HISTORICAL CHANGES OF GOULDS INLET, GEORGIA, FROM GEOSPATIAL ANALYSIS OF AERIAL PHOTOGRAPHS


PETRUCCELLI, Rochelle F., Department of Geosciences, University of West Georgia, 1601 Maple Street, Carrollton, GA 30118, JACKSON, Chester W., Department of Geology, University of Georgia, Athens, GA 30602, BUSH, David M., Department of Geosciences, University of West Georgia, Carrollton, GA 30118 and ALEXANDER, Clark, Skidaway Institute of Oceanography, 10 Ocean Science Circle, Savannah, GA 31411, rlegasp1@my.westga.edu

Goulds Inlet is a relatively small Georgia inlet running between St. Simons and Sea Islands. Typically, inlet dynamics cause adjacent shorelines to experience varying degrees of erosion and accretion as hydrographic conditions vary seasonally or at longer temporal scales. Goulds Inlet, though seemingly stable, has historically migrated south, hugging the St. Simons shoreline, allowing the Sea Island spit to follow suit, building towards the south. The relative persistence of the inlet channel against St. Simons Island creates shoreline accretion/erosion processes driven by complex linkages between the movements of the ebb channel, asymmetry of the ebb-tidal delta, and migration of the swash bars.
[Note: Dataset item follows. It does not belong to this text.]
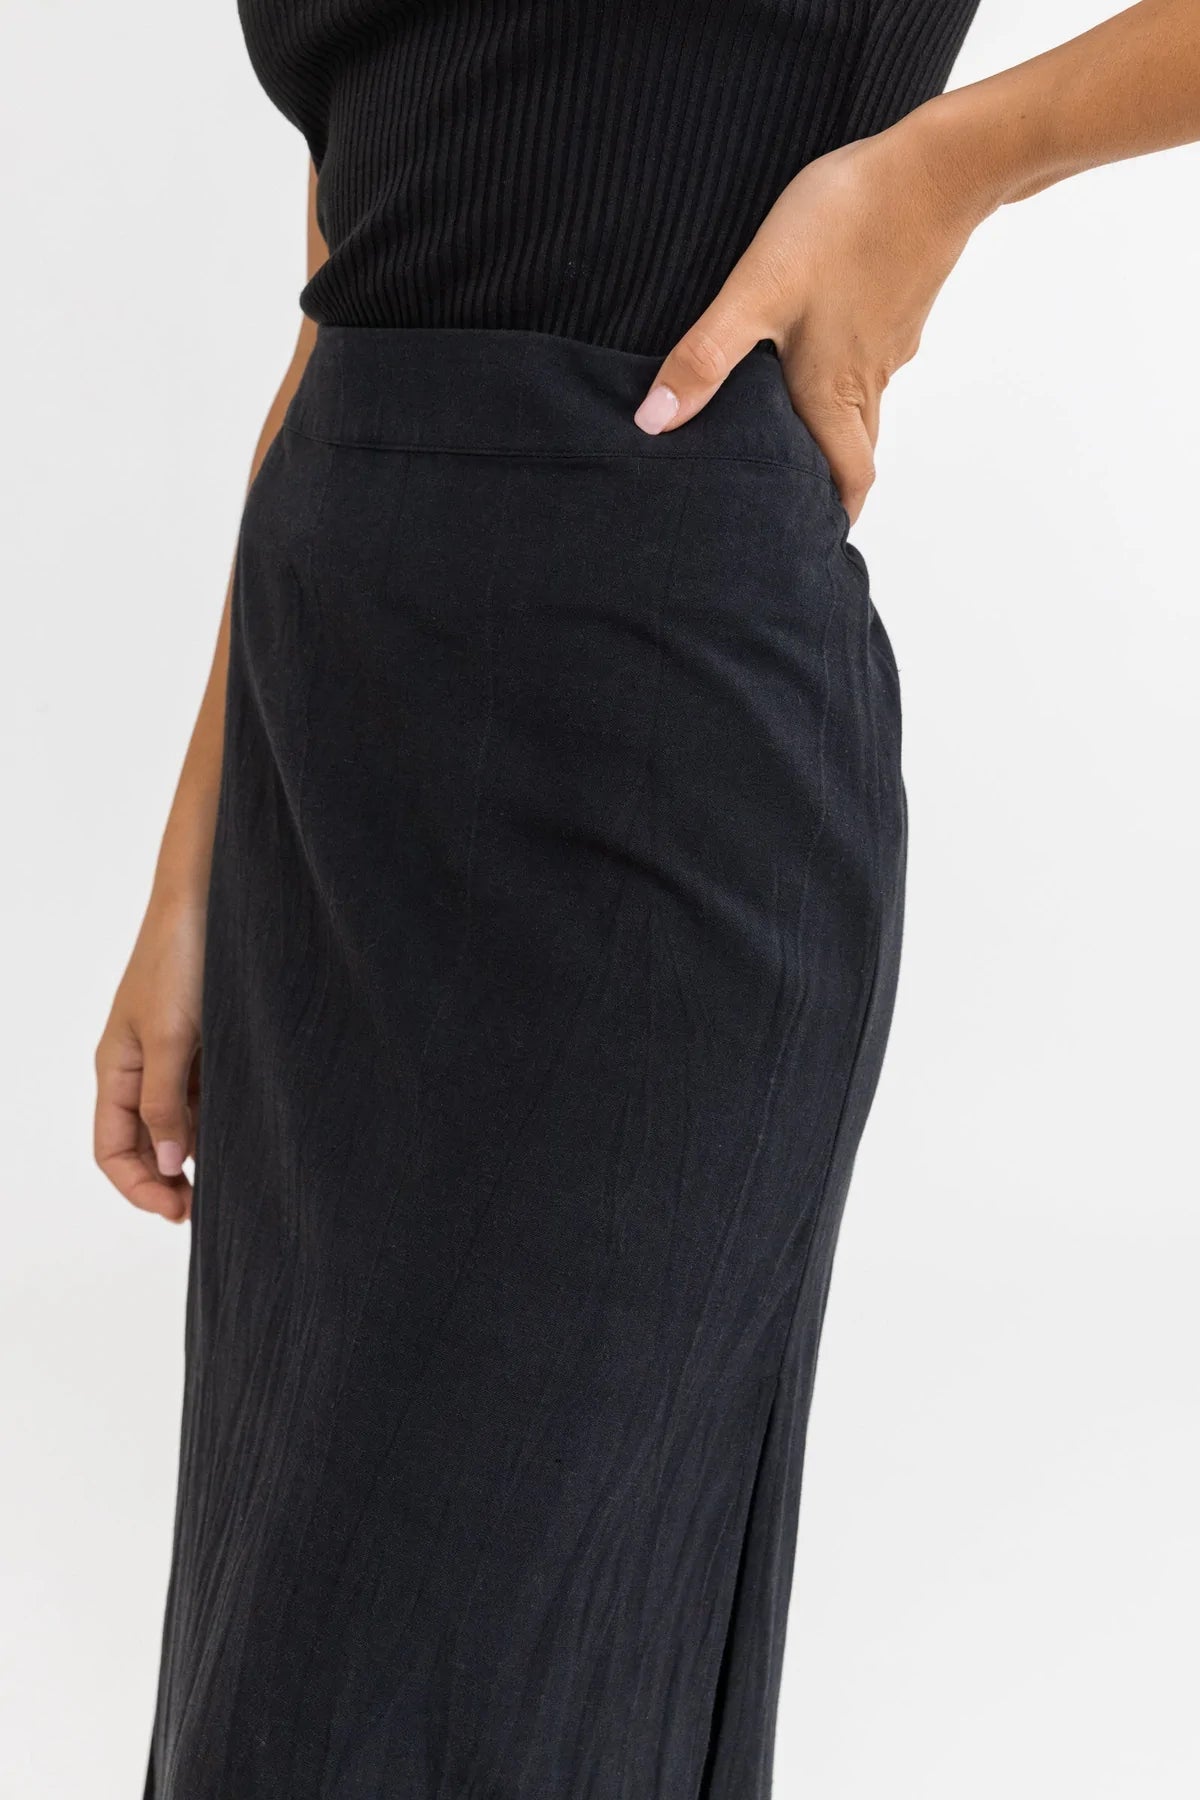 Classic Midi Skirt- Black
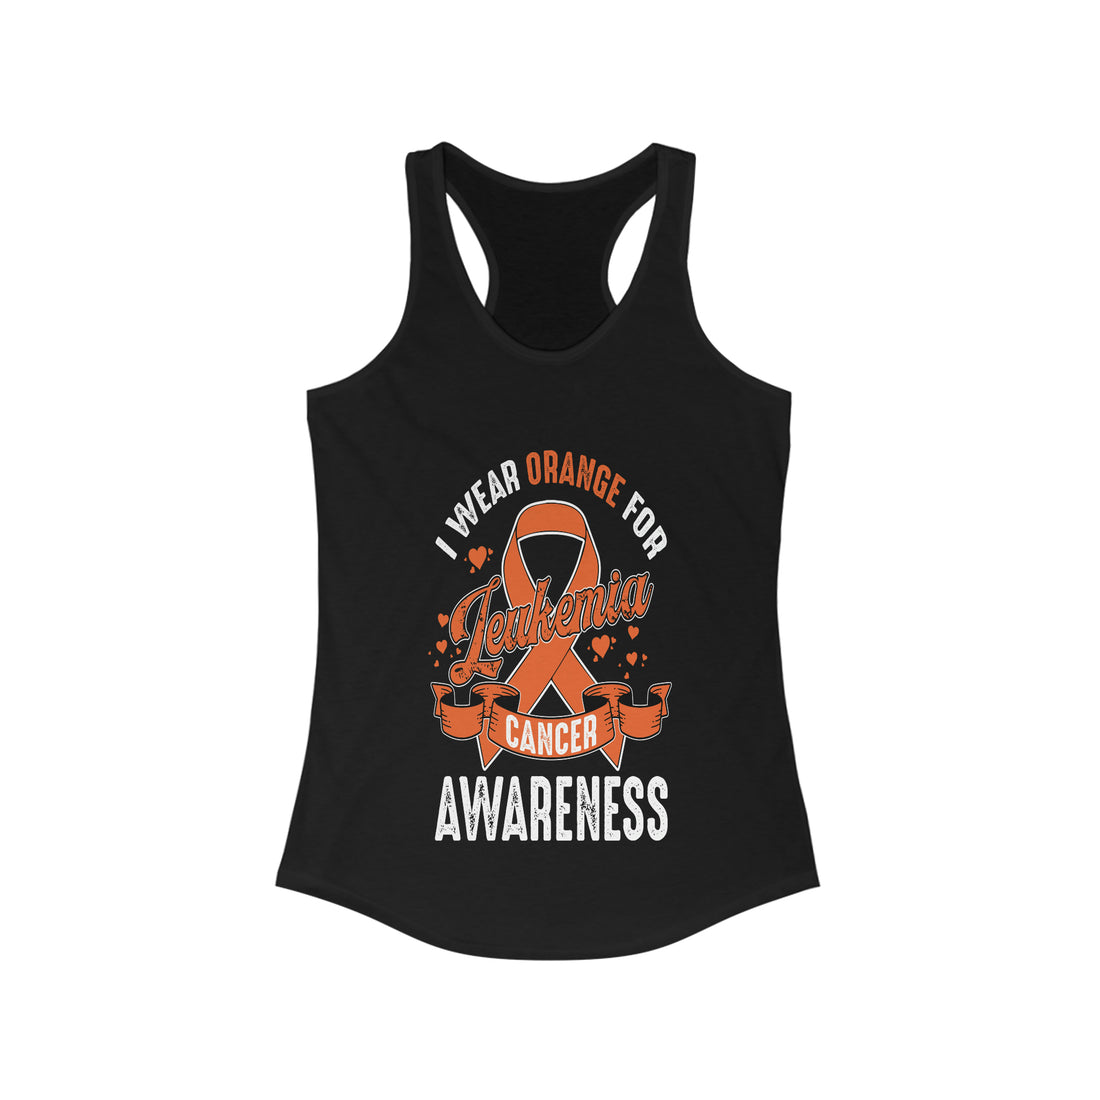 I Wear Orange For Leukemia Cancer Awareness - Racerback Tank Top

Georectified aerial photos of the study area spanning roughly sixty years (1942-2003) were used within ArcGIS to delineate the high-water line (HWL) shoreline, ebb delta shoals, and the middle of the inlet channel and stored as shapefiles. Measurements of spatial and temporal changes of these features were performed within ArcGIS using ArcToolbox and in-house scripts. Shoreline change analyses suggest net long-term accretion along the adjacent shorelines. However, a small segment on the St. Simon's inlet shoulder was identified that has net long-term erosion (shoreline movement averaging about -1.5 m/yr). This portion of the shoreline appears to be less influenced by the ebb delta morphology and more so with the position ebb channel's thalweg and periodic advance and retreat of the Sea Island spit. A few hundred meters south of this shoreline segment, net accretion is occurring along a "bulge" in the shoreline associated with inlet swash bar welding. Inspection of the aerial photos suggests the shoreline position along this region also tends to fluctuate in response to the movement/orientation of the ebb channel and changes in ebb delta symmetry (~ +1 to 7 m/yr). More aerial photos and historical maps are being added to the GIS database to better ascertain long and short-term trends.